- **Exercise material**
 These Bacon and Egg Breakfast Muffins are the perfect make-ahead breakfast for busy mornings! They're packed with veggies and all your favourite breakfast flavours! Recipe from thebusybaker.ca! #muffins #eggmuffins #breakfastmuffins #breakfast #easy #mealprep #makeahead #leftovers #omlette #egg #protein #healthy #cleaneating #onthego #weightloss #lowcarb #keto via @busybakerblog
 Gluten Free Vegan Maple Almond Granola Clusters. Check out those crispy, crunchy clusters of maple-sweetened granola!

--

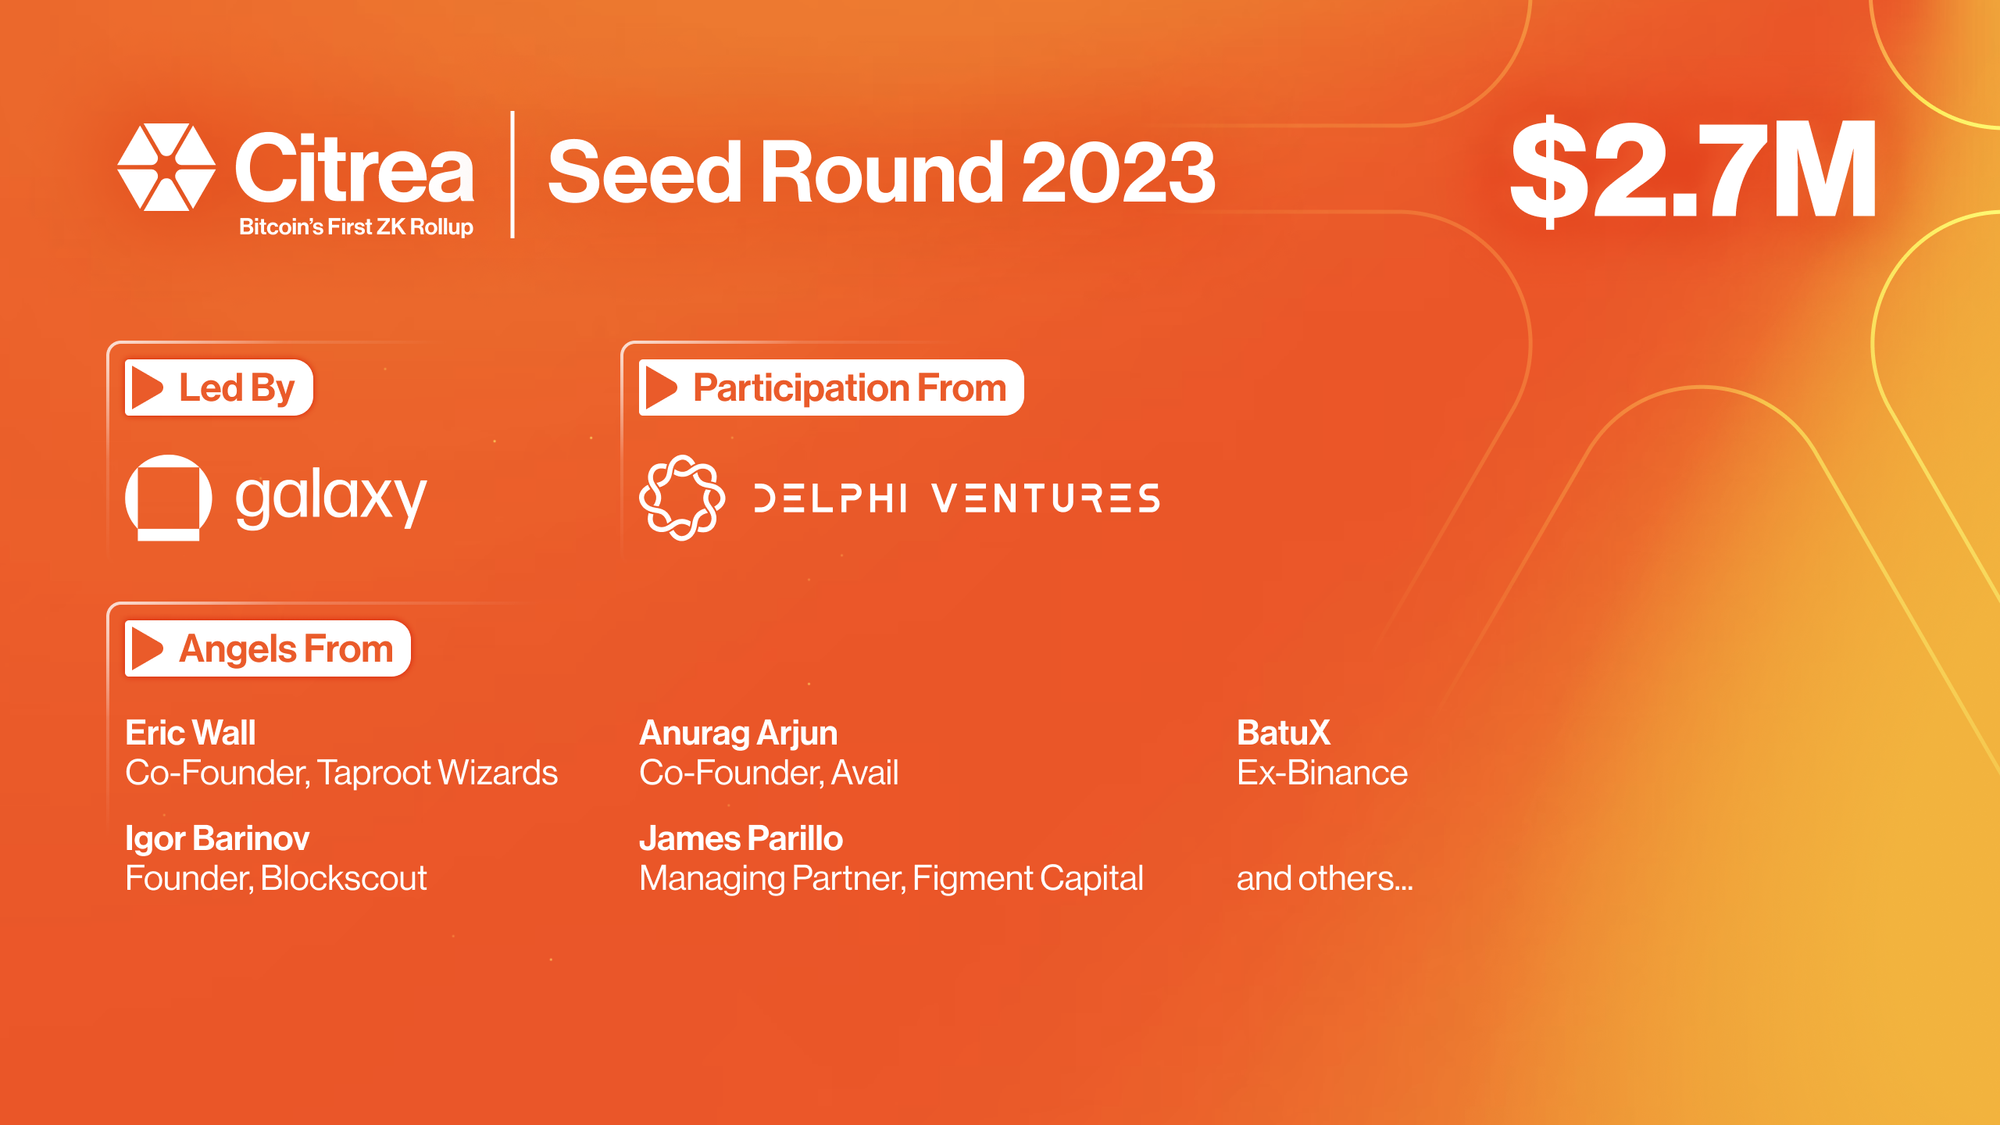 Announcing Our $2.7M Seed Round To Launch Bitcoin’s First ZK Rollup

- **Work instruction**
Extract from the listing above the lines between the line containing "These Bacon and" and the line containing "Gluten Free Vegan", keeping both of those lines. Output nothing else.

- **Exercise answer**
 These Bacon and Egg Breakfast Muffins are the perfect make-ahead breakfast for busy mornings! They're packed with veggies and all your favourite breakfast flavours! Recipe from thebusybaker.ca! #muffins #eggmuffins #breakfastmuffins #breakfast #easy #mealprep #makeahead #leftovers #omlette #egg #protein #healthy #cleaneating #onthego #weightloss #lowcarb #keto via @busybakerblog
 Gluten Free Vegan Maple Almond Granola Clusters. Check out those crispy, crunchy clusters of maple-sweetened granola!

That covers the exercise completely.